简体   繁体   中英

How to handle async Node.js in a loop

I have such a loop :

var i,j,temparray,chunk = 200;
for (i=0,j=document.mainarray.length; i<j; i+=chunk) {
  temparray = document.mainarray.slice(i,i+chunk);

  var docs =  collection.find({ id: { "$in": temparray}}).toArray();

  docs.then(function(singleDoc)
  {
    if(singleDoc)
    {
      console.log("single doc length : " + singleDoc.length);
      var t;
      for(t = 0, len = singleDoc.length; t < len;t++)
      {
        fs.appendFile("C:/Users/x/Desktop/names.txt", singleDoc[t].name + "\n", function(err) {
          if(err) {
            return console.log(err);
          }
        });
      }
    }
  });
}

The loop iterates for two times. In first iteration it gets 200 elements, in second, it gets 130 elements. And when I open the .txt file, I see only 130 names. I guess because of the async nature of Node.js, only second part of the array is processed. What should I do to get all parts of the array to be processed? Thanks in advance.

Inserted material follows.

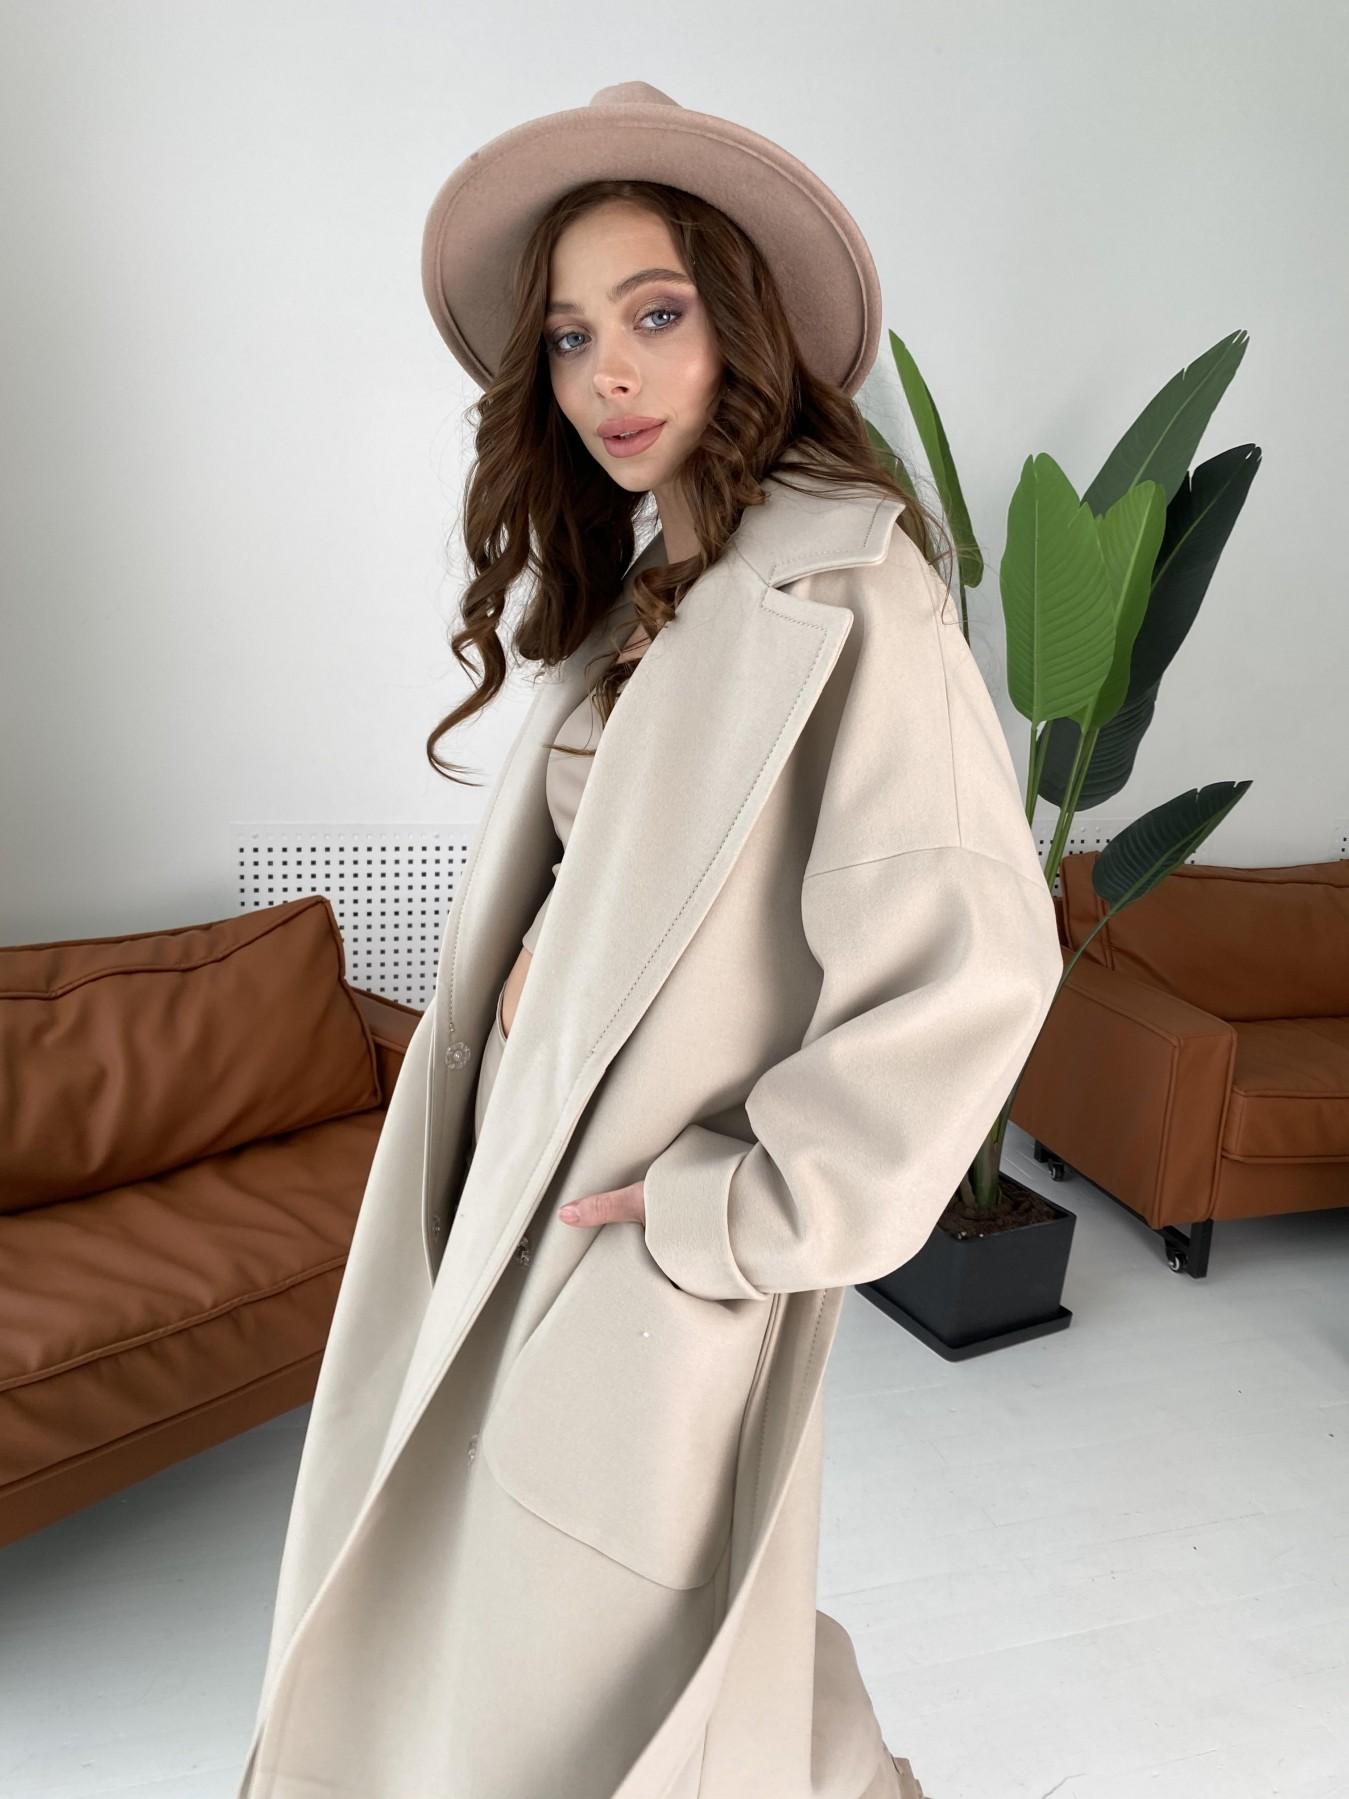 Кейт  пальто из кашемира 10539 АРТ. 46990 Цвет: Бежевый Светлый - фото 3, интернет магазин tm-modus.ru

EDIT : I finally turned the code to this :

var generalArr = [];
var i,j,temparray,chunk = 200;
for (i=0,j=document.mainarray.length; i<j; i+=chunk) {
    temparray = document.mainarray.slice(i,i+chunk);

generalArr.push(temparray);


} 

async.each(generalArr, function(item, callback)
{

  var docs =  collection.find({ id: { "$in": item}}).toArray();

   docs.then(function(singleDoc)
  {
    if(singleDoc)
    {
      console.log("single doc length : " + singleDoc.length);
              var t;
        for(t = 0, len = singleDoc.length; t < len;t++)
        {    
           fs.appendFile("C:/Users/x/Desktop/names.txt", singleDoc[t].name + "\n", function(err) {
          if(err) {
          return console.log(err);
          }
        });
        }
    }


  });

  callback(null);
})

When I change this line :

var docs =  collection.find({ id: { "$in": item}}).toArray();

To this line :

var docs =  collection.find({ id: { "$in": item}}).project({ name: 1 }).toArray();

It works, I'm able to print all names. I guess there is a problem with memory when I try without .project() . How can I make this work without using project? Should I change some memory limits? Thanks in advance.

I think your code is unnecessary complicated and appending file in a loop is very expensive when compared to in-memory computation. A better way would be to write to file just once.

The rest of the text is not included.